Stored items
━━━━━━━━━━━━━━━━━━━━━━━━━━━━━━

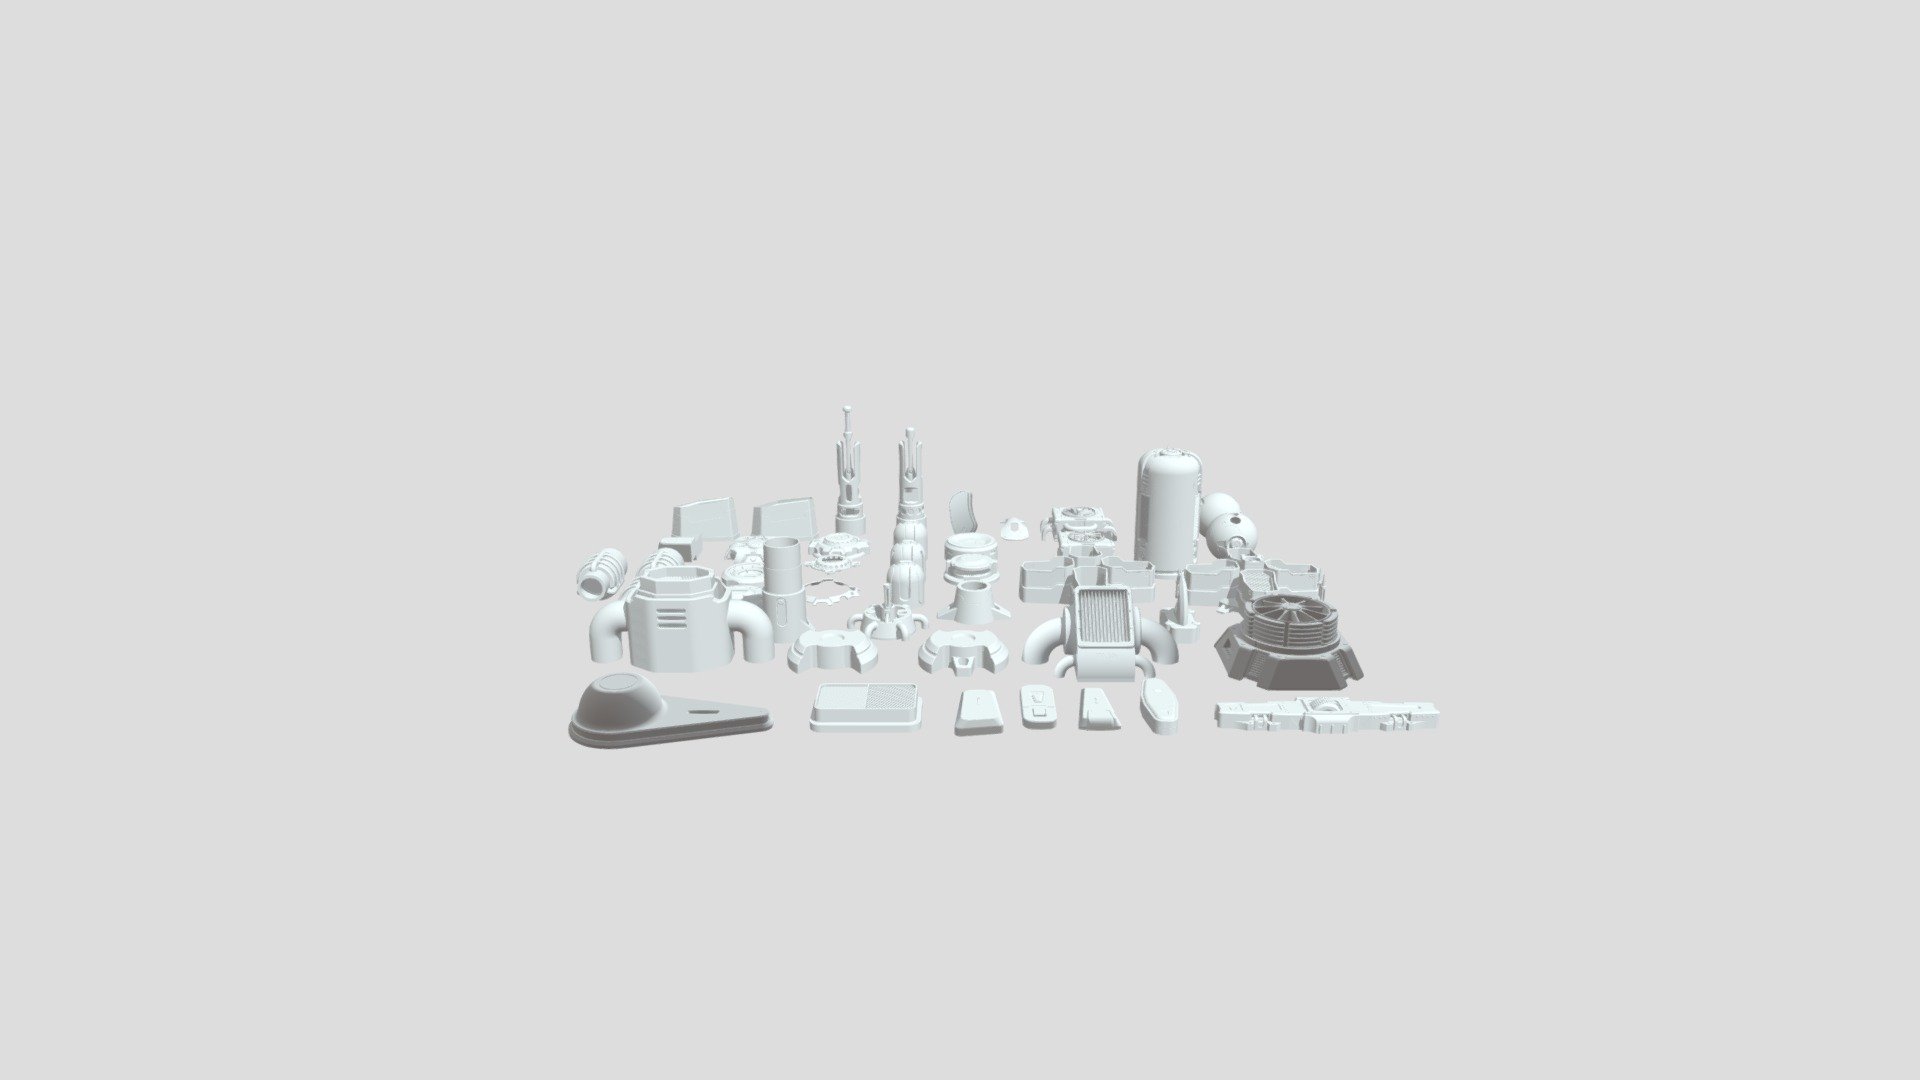 Pack Kitbash 3d model. details of futuristic buildings of suits and other hard surfaces
ventilation and turbines
Sci Fi Clasps
rivets
imitation of Scifi architecture
reactors
base
wall elements
antennas
buildings - Pack Kitbash 3d model details - 3D model by Evgeniy.Jam 3d model

━━━━━━━━━━━━━━━━━━━━━━━━━━━━━━

Requirement: Please print all of the records above exactly, omitting each picture.

Answer:
 Pack Kitbash 3d model. details of futuristic buildings of suits and other hard surfaces
ventilation and turbines
Sci Fi Clasps
rivets
imitation of Scifi architecture
reactors
base
wall elements
antennas
buildings - Pack Kitbash 3d model details - 3D model by Evgeniy.Jam 3d model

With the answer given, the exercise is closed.